Women campaigners are mobilising support in the Welwyn Hatfield area to fight the Government for state pension rights.

Welwyn Hatfield Times: The east Hertfordshire group sent a delegation to a national demonstration to Parliament in March.The east Hertfordshire group sent a delegation to a national demonstration to Parliament in March. (Image: Archant)

About 30 women born between 1950 and 1960 have formed an east Herfordshire branch of the national Women Against State Pension Inequality (WASPI) campaign, and have been handing out leaflets in Welwyn Garden City.

Welwyn Hatfield Times: The east Hertfordshire branch campaigned in central WGC in May.The east Hertfordshire branch campaigned in central WGC in May. (Image: Archant)

Spokeswoman Lesley Flowers. 62, a retired teacher from Cole Green, explained that the campaign was inspired against pension changes implemented by the 1995 Pension Act.

She told the Welwyn Hatfield Tines: “We have no problem with women and men getting their pensions at the same age, but we were never told this was happening.

“If a private pension company had treated us like the Government has, we could sue them.”

They argue that the Government failed to notify women in 1995 that their state pension age was rising from 60 to 65, putting it in line with men in response to an EU directive.

The Government did not even start to write to affected women until 2009, and some were not told until the 2011 Pension Act raised the age to 66.

Fellow campaigner Carol Morley, of Hertford, said: “If I had known I could have made provision, such as a private pension.”

Consequently, Lesley said, women in the early 60s were being forced to take physically demanding manual jobs such as stacking supermarket shelves or cleaning.

She said: “There are women who are using food banks. Others have to sell their houses.”

Although they estimate the problem affects 3.44million women nationally, they have encountered widespread ignorance of pension ages when out campaigning in Welwyn Garden City.

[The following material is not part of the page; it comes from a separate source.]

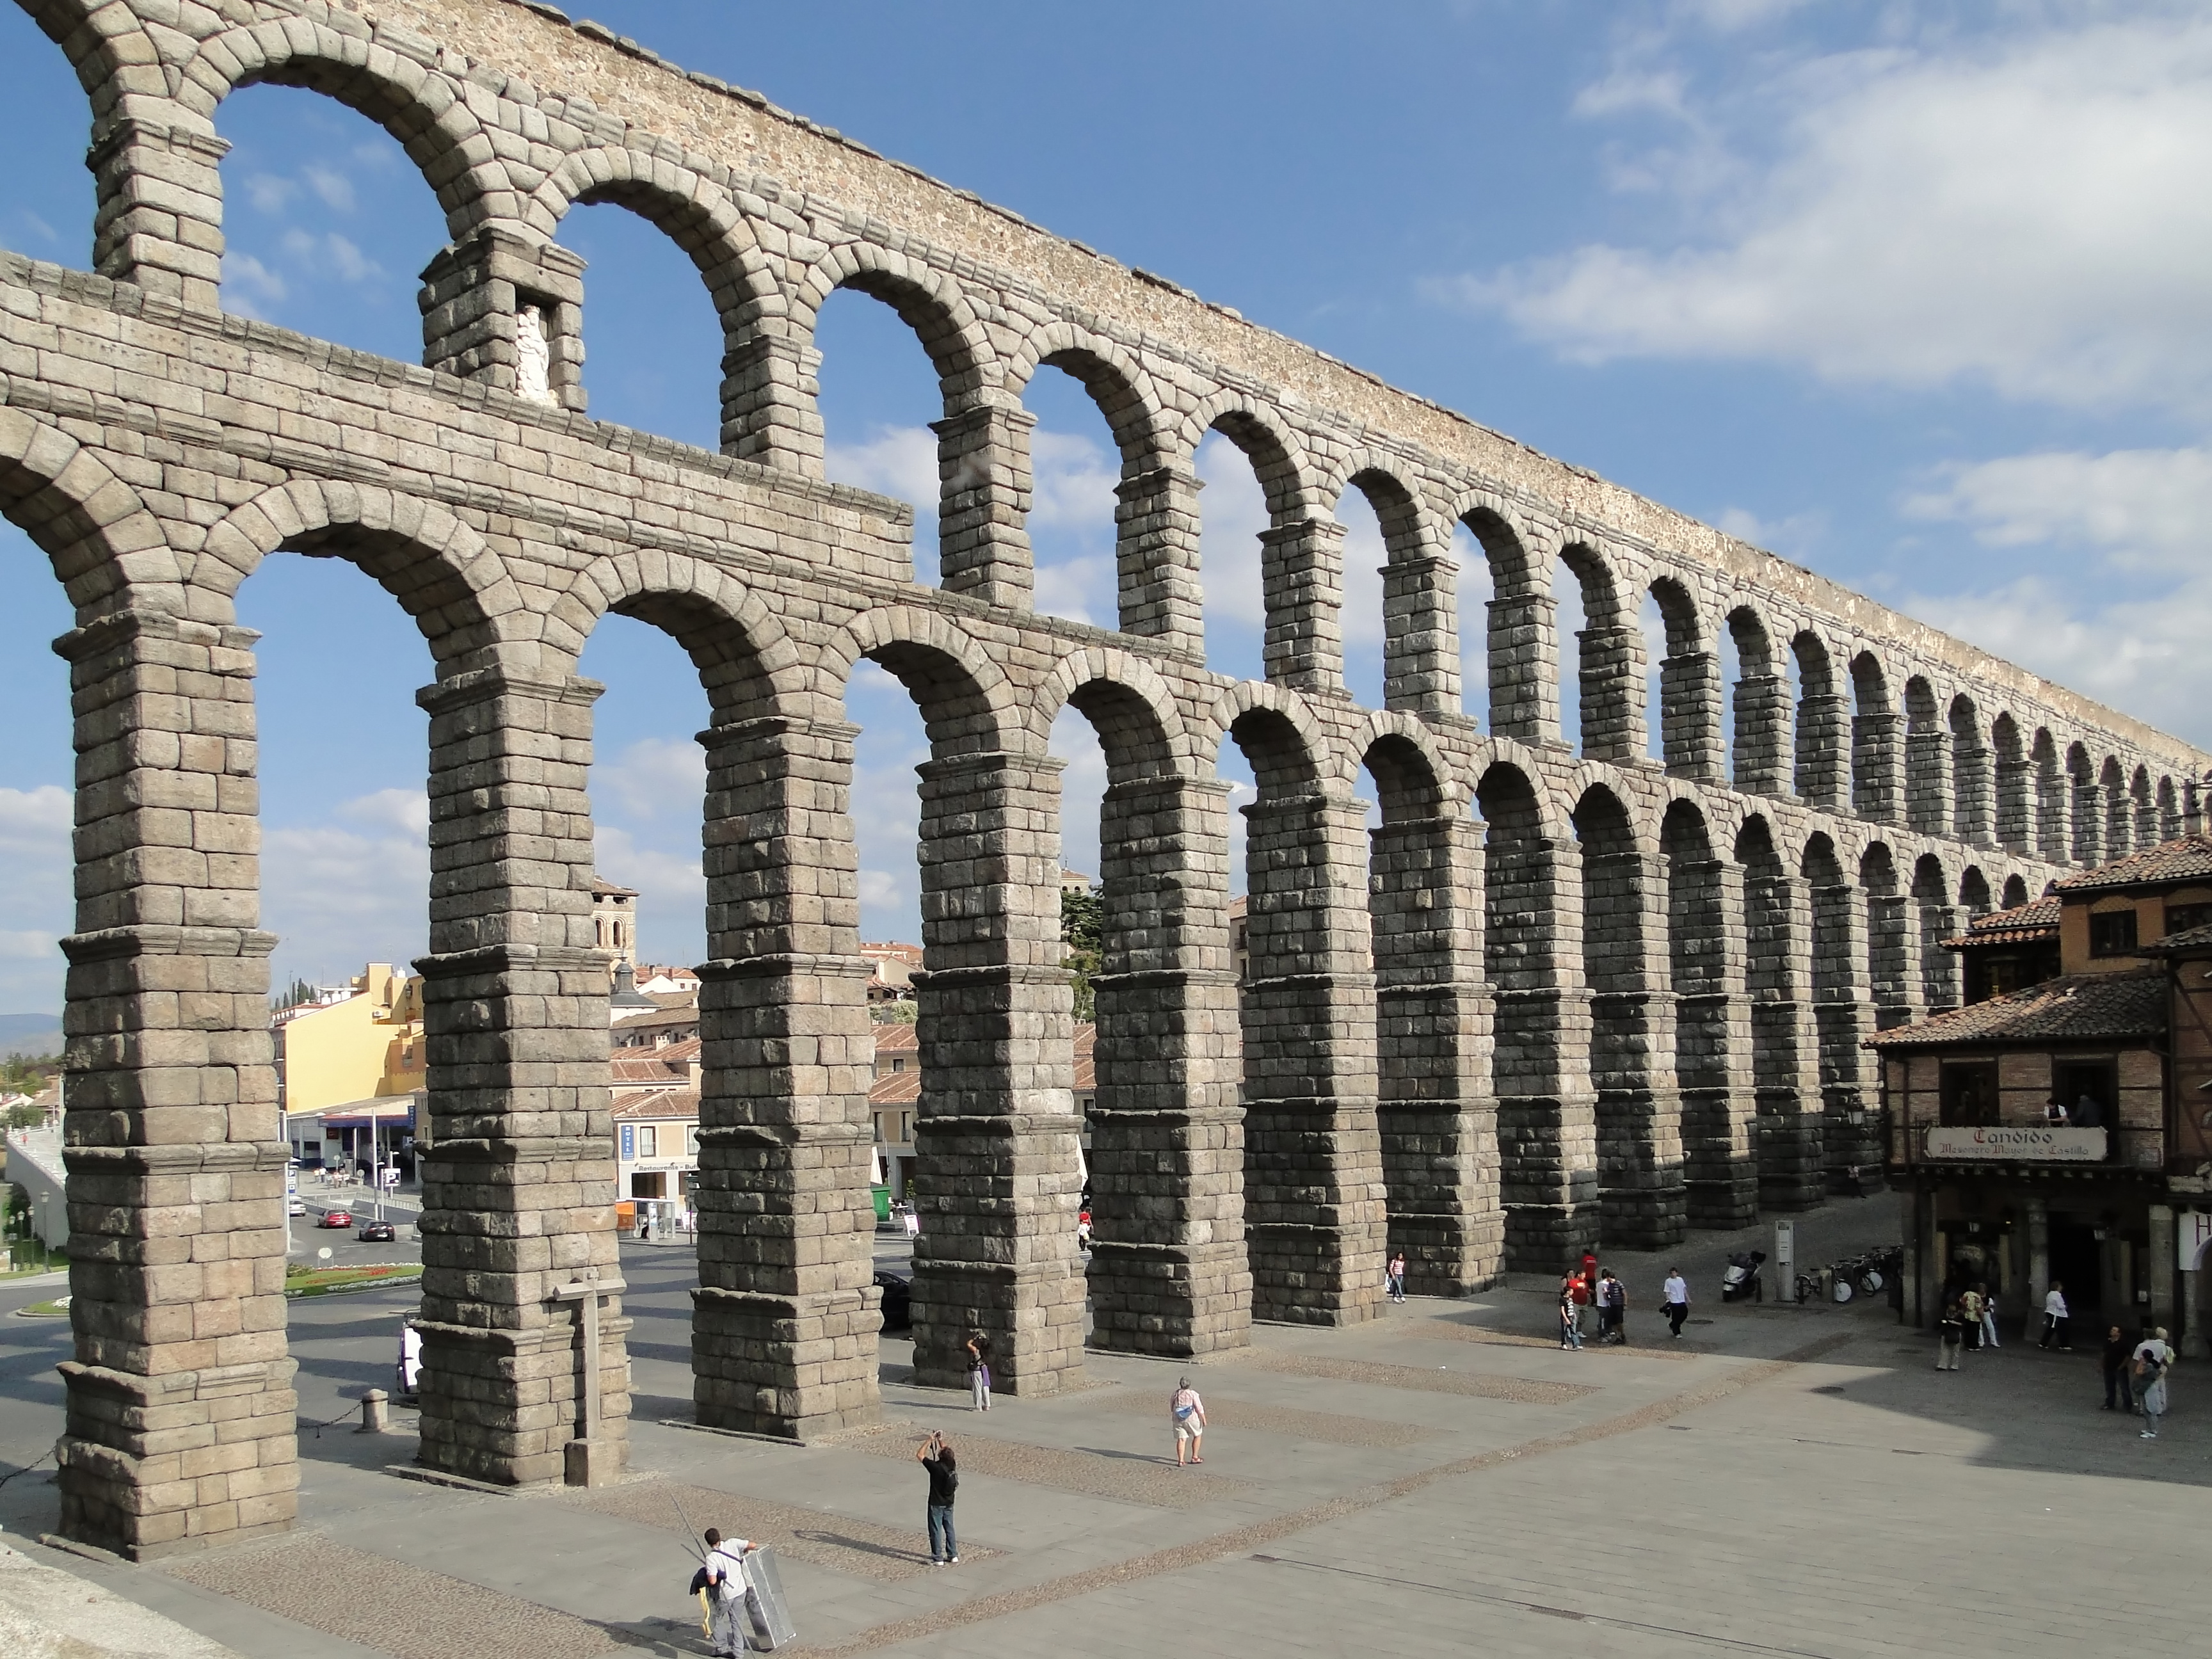 Roman aqueduct - Wikipedia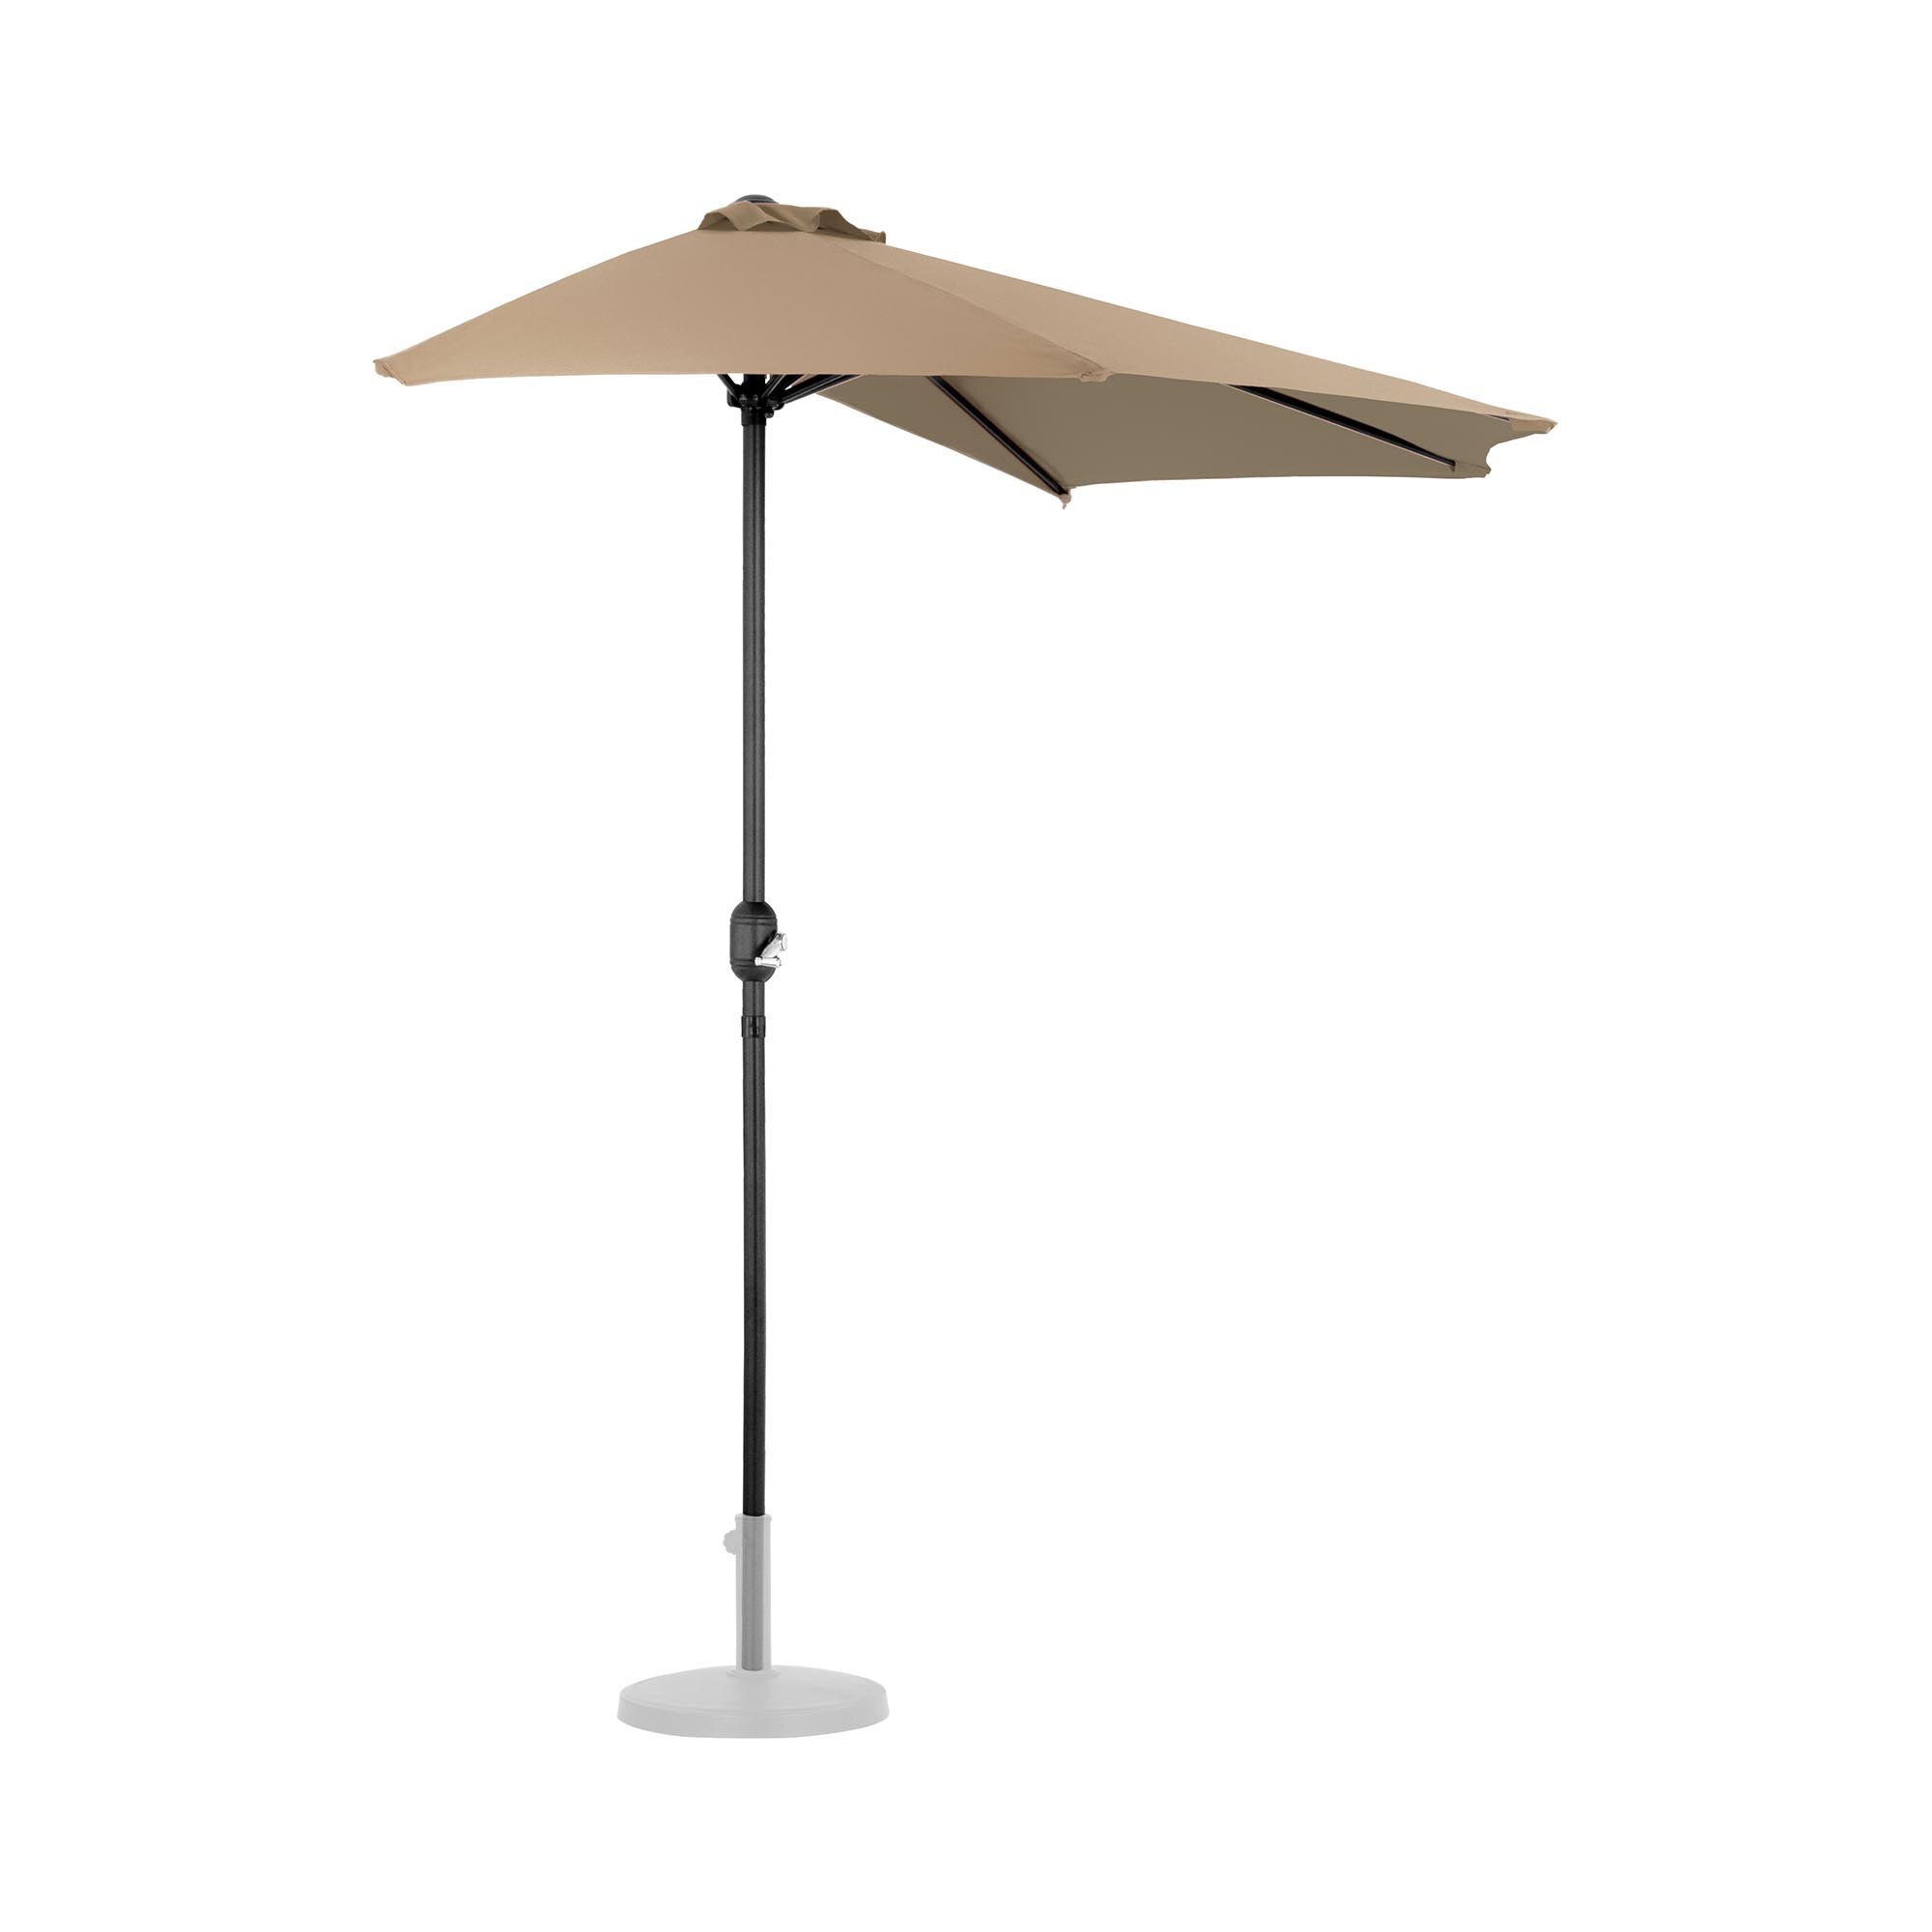 Uniprodo Halve parasol - Crème - vijfhoekig - 270 x 135 cm

Lesley said: “We want to get more women on board. The more voices behind us, the more notice the Government will take of us.”

The east Hertfordshire group attended a nationwide demonstration in Westminster in March, which called for transitional payments between the ages of 60 and 66, and held a “day of action” in Welwyn Garden City in May.

The group urges affected women to write letters of complaint to the Department of Work and Pensions in a bid to bolster the national campaign’s ongoing legal challenge for maladministration.